In June 2018, he asked former Norwegian Prime Minister Thorbjørn Jagland to convey a message to Russian President Vladimir Putin about his willingness to give his opinion on Trump.
His correspondence with Wolff is in the archives, and Epstein also frequently spoke about Trump with former New York Times reporter Landon Thomas Jr., joking about sending him a photo of Trump with bikini-clad girls in his kitchen in December 2015.
Epstein communicated regularly with the often foul-mouthed former Treasury Secretary Larry Summers, to whom he told Trump was “borderline crazy,” emails show.
He also spoke often with Trump adviser Steve Bannon, who in August 2018 told the financier that they needed to discuss a “crazy jihad against you” and that “someone important has your sights on.”
After Trump’s personal attorney Michael Cohen pleaded guilty to violating then-President Trump’s campaign finance laws in connection with Stormy Daniels’ now-infamous hush money scheme in 2018, Epstein alluded to his insider’s view in correspondence with Kathy Ruemmler, a former Goldman Sachs executive and Obama aide, with whom the cache shows he spoke frequently.
“See, I know how dirty Donald is,” the financier joked. “I guess the non-lawyer, business people at the New York Times have no idea what it means to have your fixer-upper returned.”
“The real villain”
In December of that year, the Miami Herald published the most comprehensive account to date of allegations that Epstein serially exploited vulnerable teenage girls. The article explained how Epstein effectively got off with a slap on the wrist in his 2008 plea deal owed to former U.S. Attorney Alexander Acosta, whom Trump chose as Labor secretary.

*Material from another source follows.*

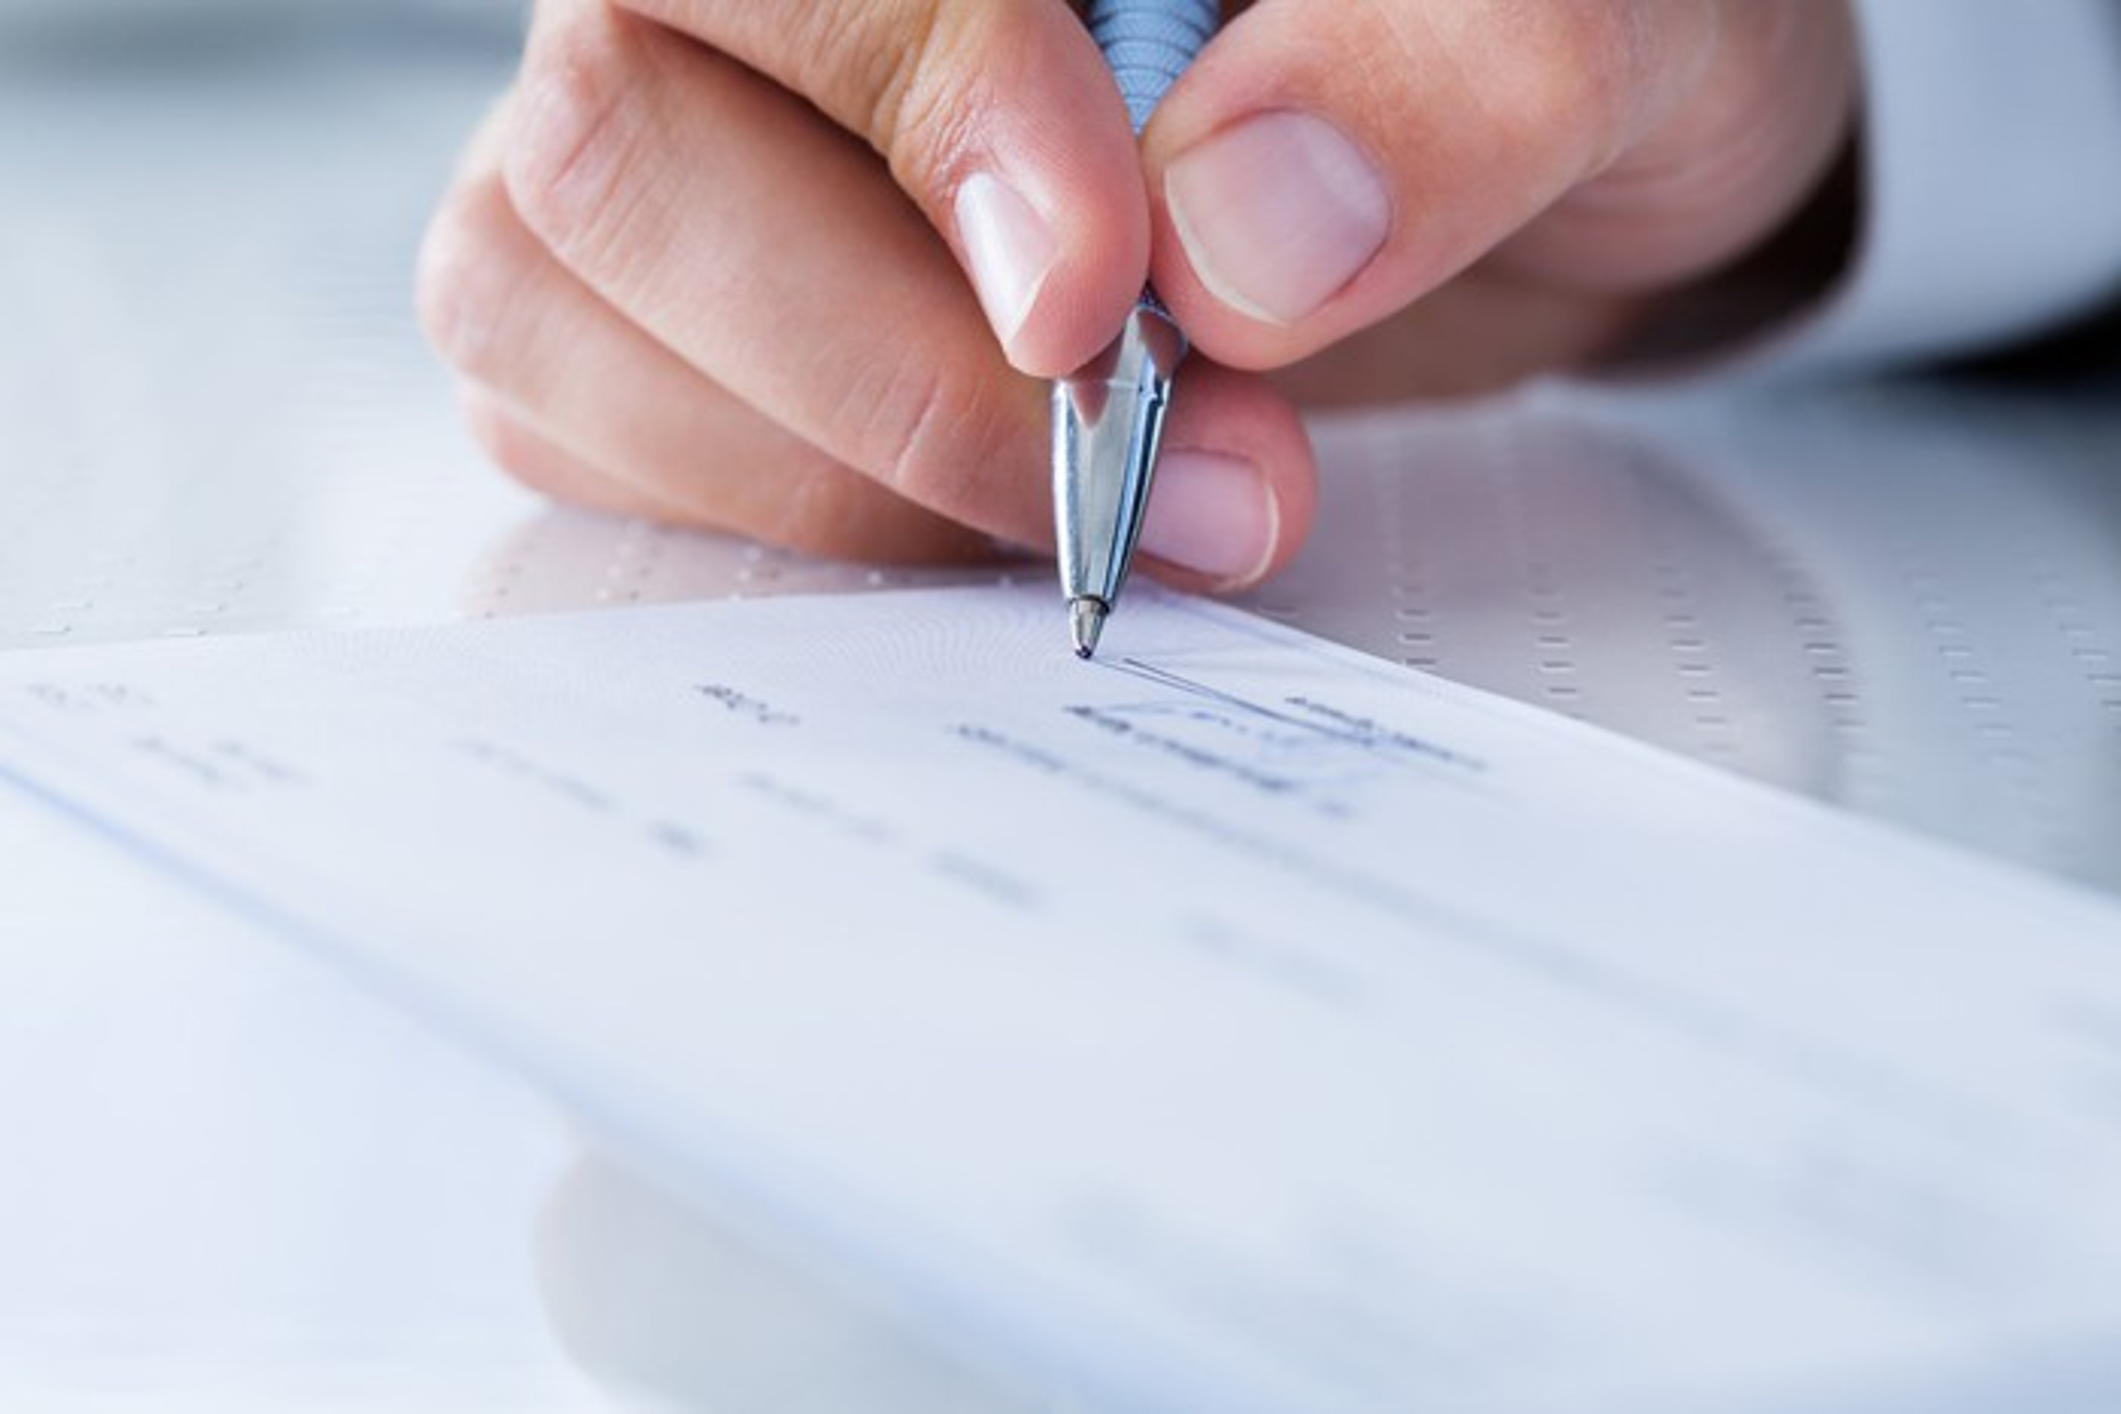 A man signs a check.

Epstein strategized with Wolff, who believed that “directly debunking” these claims was not the right move.
“This goes against virtue itself,” Wolff wrote. “What I’d like to do is analyze everything, create a structure to think about it all. Certainly not a piecemeal answer. Figure out where we want to be and where we can reasonably get to and work backwards.”

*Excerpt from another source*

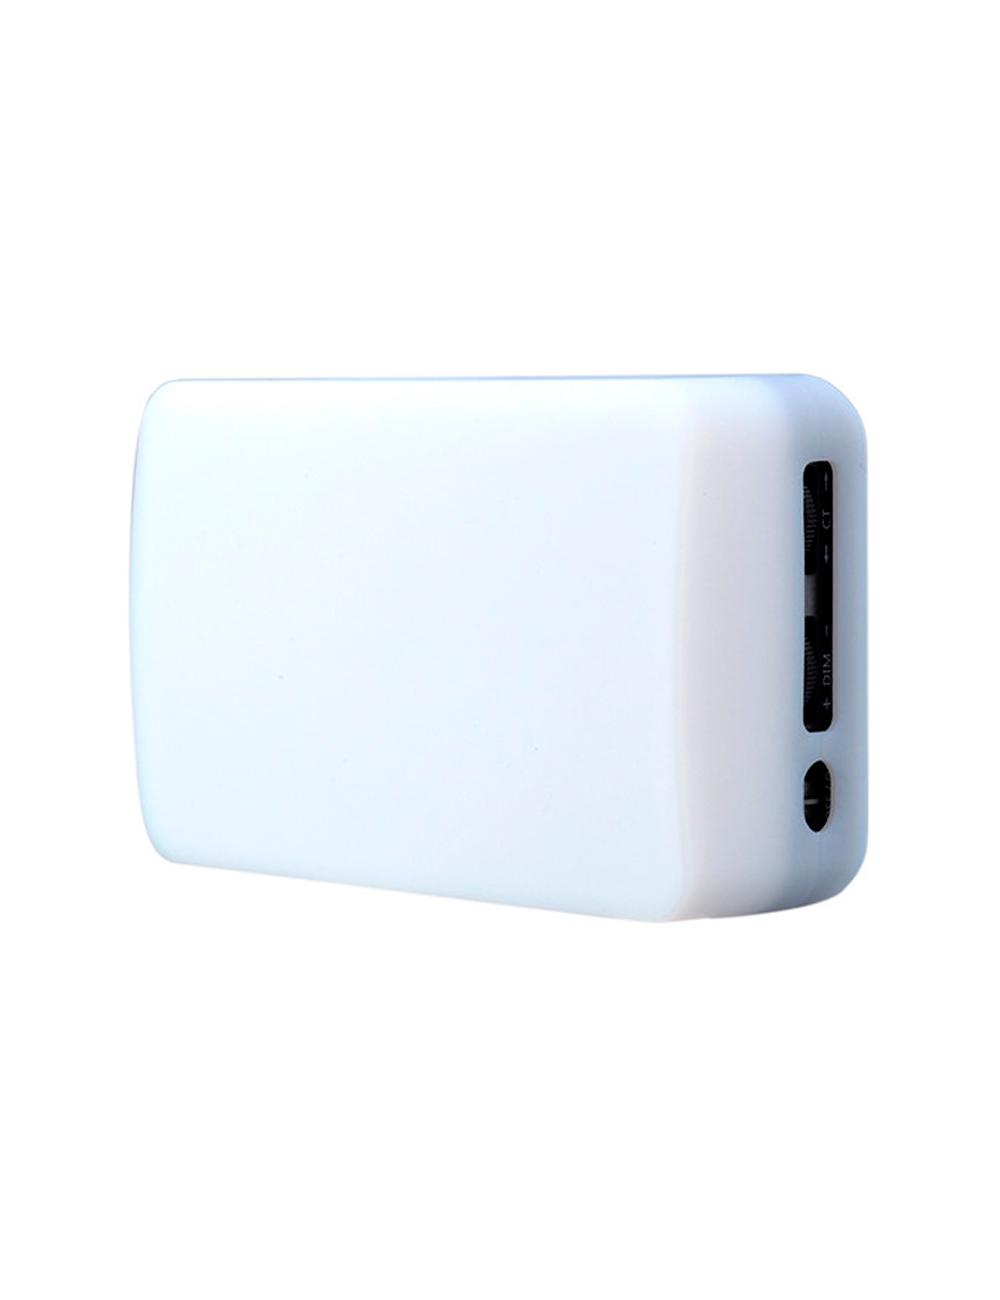 Monopie portable y compacto Nest NT-129A

Epstein responded: “I think about what Trump would do. »
“The allegations are ridiculous and self-serving, the media is working with the other side’s lawyers, it’s all about Donald Trump,” Wolff responded.

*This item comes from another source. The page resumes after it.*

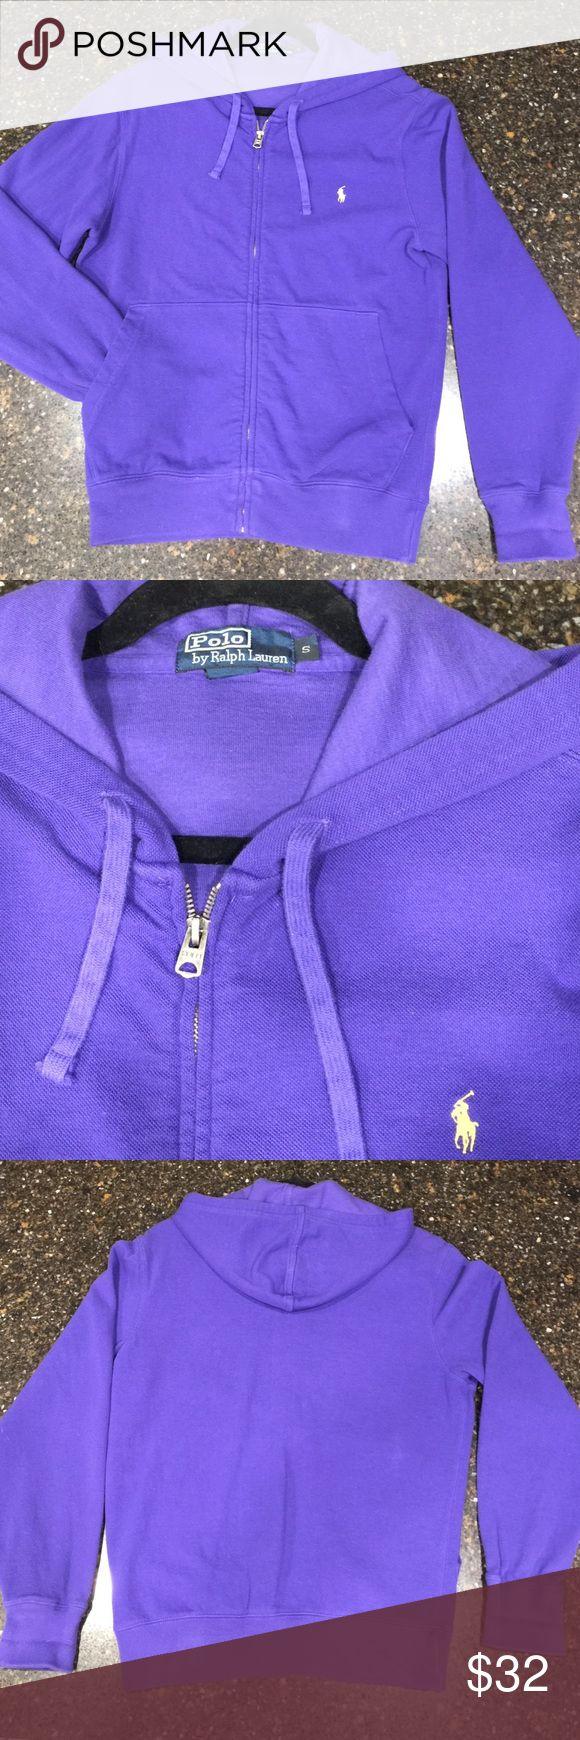 Polo by Ralph Lauren Purple zip up hoodie. Size S Super Cute Purple zip up hoodie, no stain or snags. Zipper works fine. Measurements: armpit to armpit 21, sleeve length 25.5, length 25. Polo by Ralph Lauren Tops Sweatshirts & Hoodies

“…it’s all about Donald Trump, the real bad guy,” Epstein said.
Less than two months later, Epstein explicitly implicated Trump, mentioning Mar-a-Lago to Wolff in a partially redacted email on January 31, 2019, and writing, “Trump said he asked me to resign, never a member…of course he knew about the girls when he asked Ghislaine to stop.”
Epstein was apparently still focused on the president the following June, when an email describing some of Trump’s potentially questionable financial dealings landed in his inbox. Epstein’s accountant, Richard Kahn, sent “interesting conclusions” from the financial information, or what Kahn called “outweighs 100 pages of nonsense.”
Within eight weeks, Epstein was dead. Authorities said he killed himself in his lower Manhattan jail cell, a month after his arrest on serious sex trafficking charges.
Maxwell, his longtime accomplice, was indicted a year later for contributing to abuse for at least a decade in the 1990s and convicted in a trial in December 2021. This summer, she was transferred to a comfortable prison in Bryan, Texas, after meeting with Deputy Attorney General Todd Blanche, Trump’s former personal lawyer, for a highly unusual meeting.
Transcripts of the meeting showed that Epstein’s longtime right-hand woman revealed little new information, but notably praised the president, to whom she now reportedly plans to seek clemency.